If one of the previous tasks are not successful, the migration logic is reverted as not to leave your cluster in a broken state.

At the end of the procedure, after the AstarteDefaultIngress is successfully created, the old AstarteVoyagerIngress resource will be deleted. Anyway, if any errors occur during the deletion of the AstarteVoyagerIngress, the migration procedure is not reverted (as the AstarteDefaultIngress resource is successfully deployed) and, as such, you are required to explicitly delete the AstarteVoyagerIngress resource by hand.

Be aware that Voyager specific annotations cannot be mapped to the AstarteDefaultIngress. If any of those annotations are present, the replace-voyager command will print a warning message. It will be your responsibility confirming whether you want to proceed or abort the procedure.

Advanced use cases

The current section focuses on some advanced configuration scenarios that might help you in handling specific non-standard use cases.

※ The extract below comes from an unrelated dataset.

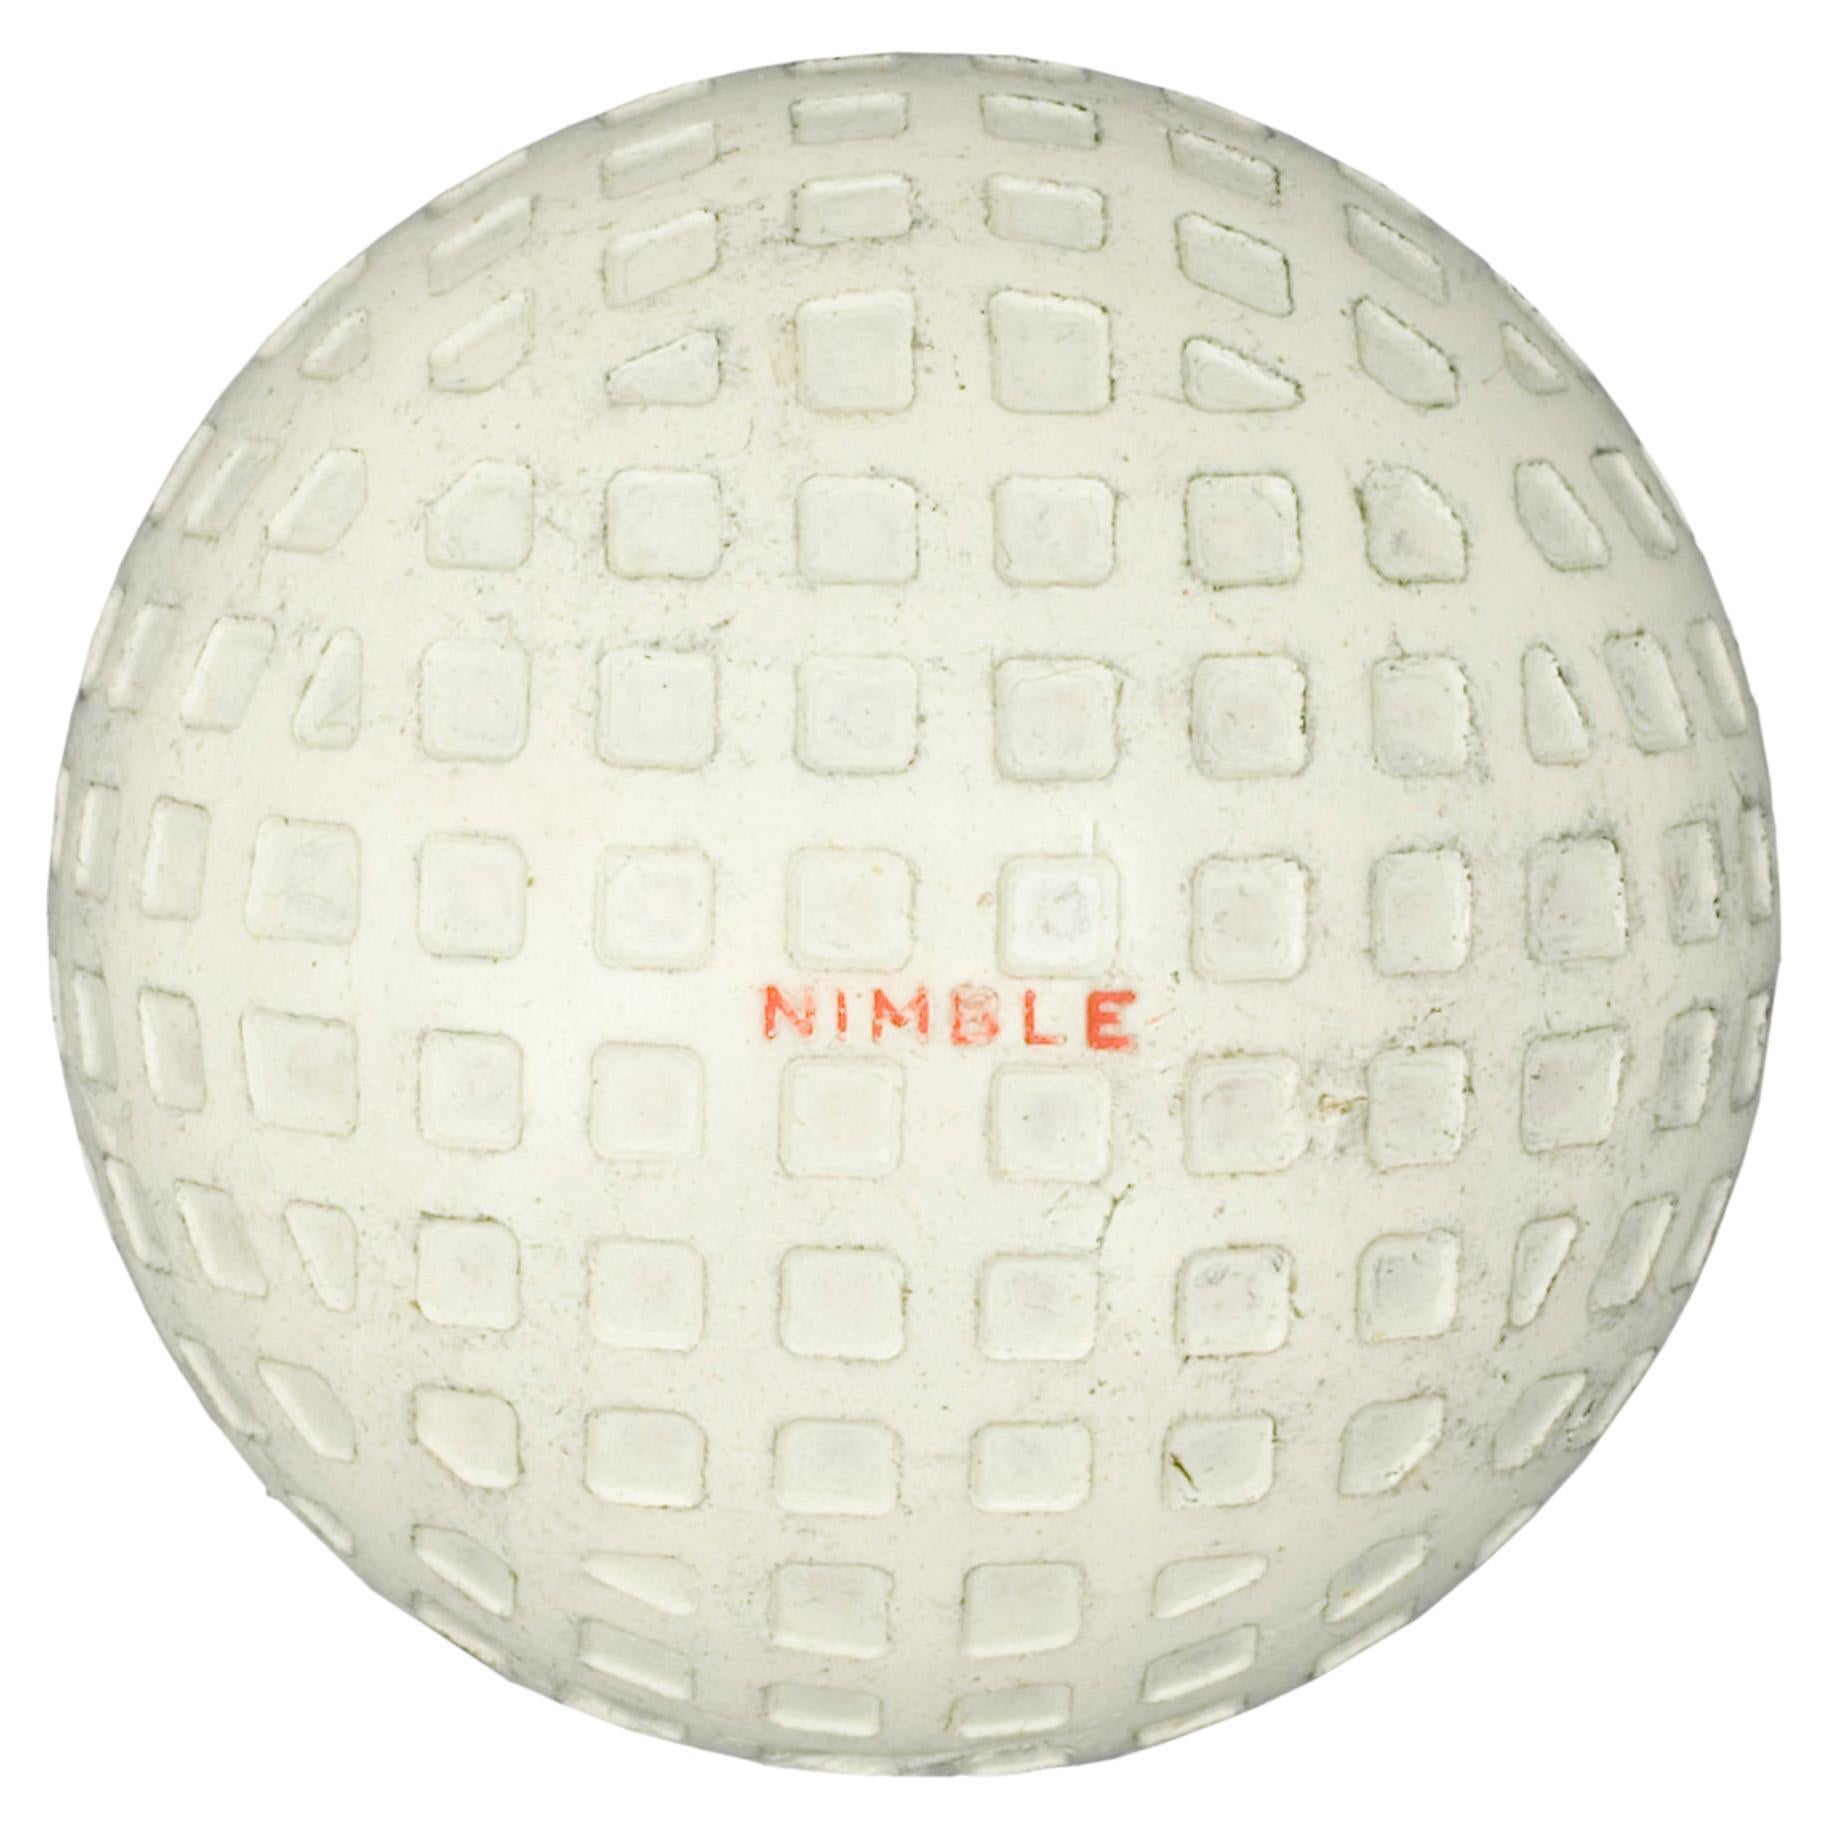 Vintage Mesh Pattern, Nimble Golf Ball, by Spalding

Preserve the API and Broker IPs

The need of preserving both the API and Broker IPs may arise in specific use cases when, for example, there are any number of impediments in updating your DNS zones.

Please, be aware that the following instructions rely on the assumption that you can reserve (or you already reserved) external IPs. This task is highly dependent on your cloud service provider and, as such, you are required to ensure that it can be performed in your specific case.

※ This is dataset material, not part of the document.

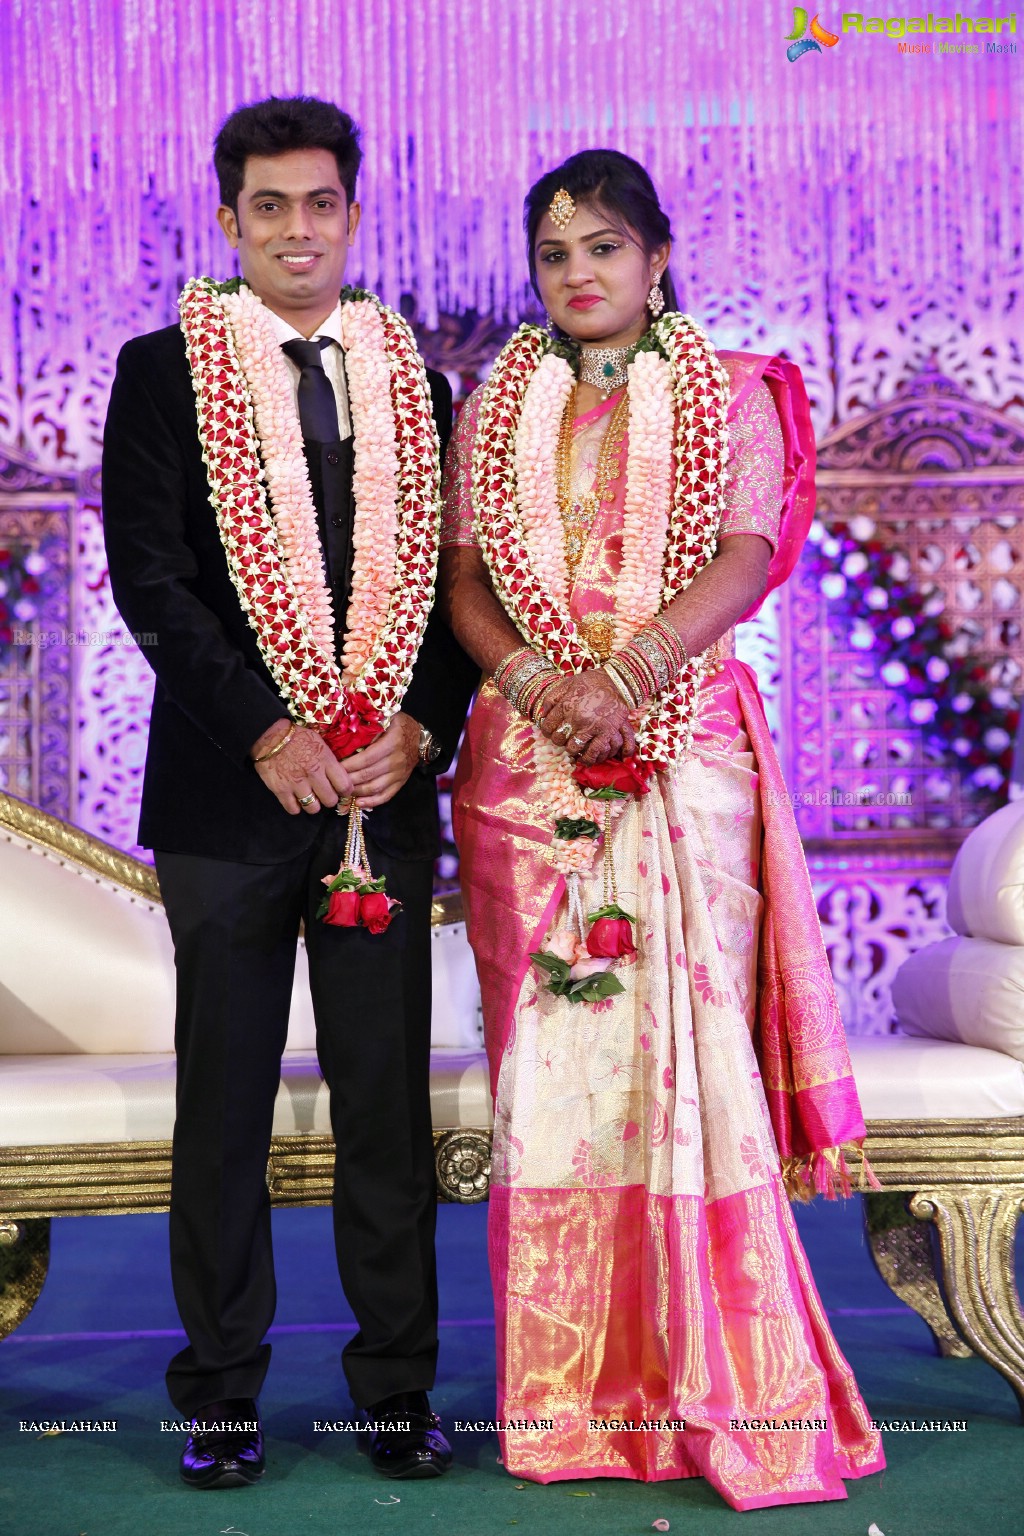 Grand Wedding Reception of Rahul with Deepika at Jalavihar, Hyderabad

If your Astarte instance is exposed to the outer world through the AstarteVoyagerIngress, two external IPs are assigned to your services: one for the Broker and another for the Astarte APIs (and the dashboard, if deployed).

Before migrating your ingress to the AstarteDefaultIngress, perform the following operations:

  • ensure that both the API and the Broker IPs are reserved,
  • patch your AstarteVoyagerIngress resource such that the loadBalancerIP field is set for the broker (if this field is already set, you can skip this step):
    broker:
      loadBalancerIP: <the-broker-reserved-IP>
      ...
  • install (or update, if already installed) the ingress-nginx deployment by explicitly setting the IP for the ingress controller as to make it coincident with the IP assigned to the Astarte APIs. Be aware that, at first, the ingress controller external IP will remain in pending state until the AstarteVoyagerIngress will be deleted and, once that IP will be available, it will be correctly assigned to the ingress controller.
    $ helm upgrade --install <ingress-nginx-name> ingress-nginx/ingress-nginx \
      -n ingress-nginx \
      --set controller.service.externalTrafficPolicy=Local \
      --set controller.service.loadBalancerIP=<the-API-reserved-IP>

Once the previous instructions are executed, you are ready to perform the migration to the AstarteDefaultIngress as described in the Performing the Migration section.

As a final remark, if you are interested in preserving only one of the external IPs, please refer only to the instructions that apply to your needs (e.g.: the broker) while neglecting the remaining parts.